Why not just download the mkv and use a program to convert containers? It’s not like changing the container takes that long, it’s not like rendering or re-encoding.

I render all my videos in an mkv container, but that’s mostly because it seems to be MeGui’s default and the videos go straight to Youtube which processes them into something else anyway.

(Strictly speaking, I render on-demand to a frame server in Lagarith YV12 because it matches the colorspace I record in, then re-encode with MeGUI via an AVISynth script into a muxed MKV with h.264 video and Nero AAC audio, but since I use an on-demand frame server it’s easier to just say I render into an MKV)

Please note the date of my OP, and that in the meantime it seems the scene has moved to yet another container format and codec for live TV releases .mp4 at least going by scene sites.

There’s also hearing impaired people for whom it might be nice to have a subtitle track.

But I guess we’re just telling those guys to go fuck themselves.

I guess there are also those people who like listening to commentary tracks, too. But they smell bad.

You’re right. Someone who’s only been doing video tech and production since 1987 should just sit down, shut up and let the 15yos with the newest toys rule the discussion.

The only thing I don’t like about MKV is that it doesn’t well well with most (any?) video editing programs. Rewrapping is a minor hassle though, nothing pitchfork worthy.

Looking it up, MKV’s been around since 2002 AD. ‘New’ seems very relative.
All the cool kids are voting for those exciting young Clintons recently.

As does your sense of “new.”

Since this entire thread is essentially about video pirating on a mass scale, I’m not sure why it’s tolerated even in the Pit, and in any case, the tribulations of anime pirates and torrent wankers doesn’t have a violin small enough to play for.

Oh, come now. Surely you have a tiny enough instrument.
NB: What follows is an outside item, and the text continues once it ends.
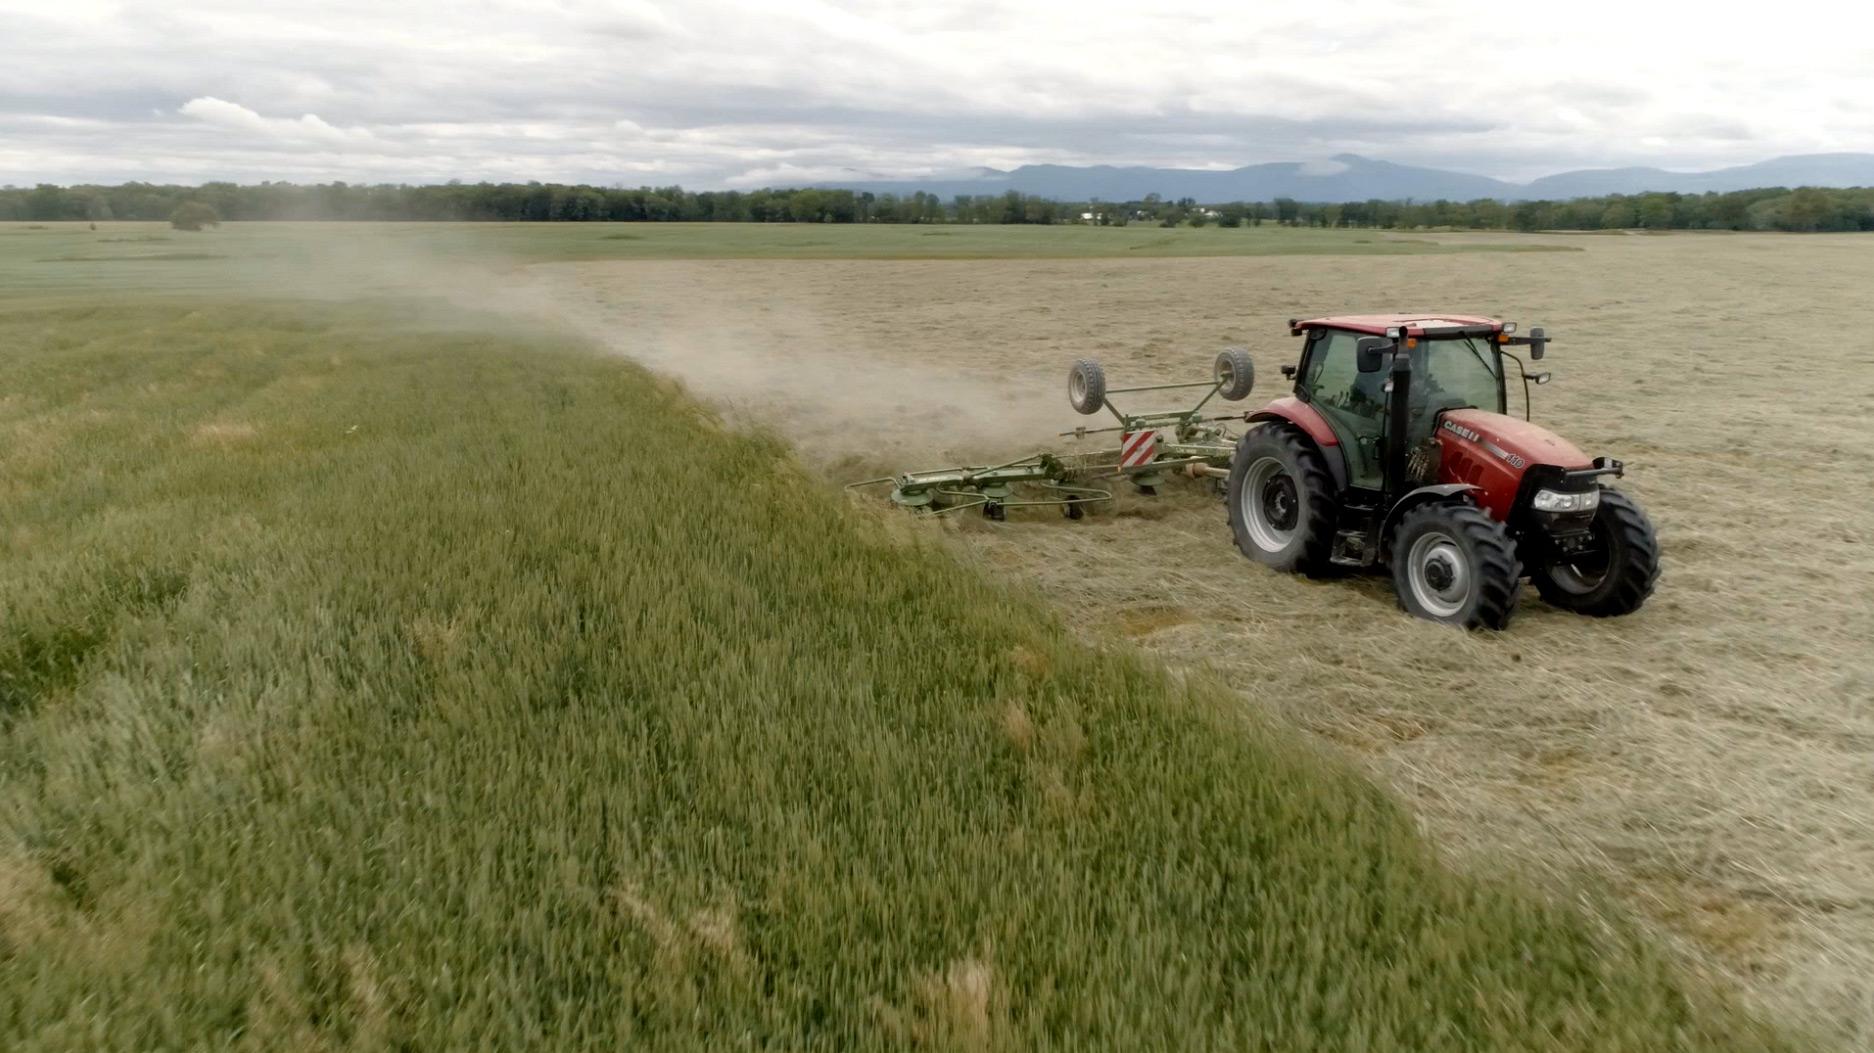 regenerative farming, Hudson Valley farming, Ben Dobson

Only a mighty organ. Sorry.

MKV is a container, just like AVIs, WAVs and TIFFs. I am sure it is useful for piraters, but it’s rather doubtful this is it’s main — let alone intended — purpose.
However videos are obtained, the ineluctable future is that watching them directly from a hard disk will always be used compared to using optical media such as CDs and DVDs or other form of distribution. Therefore container formats — and those non-containerized formats for direct play even — are essential, since just as film-makers moved from reel film to video etc., films are likely be be shot and distributed entirely in computer formats.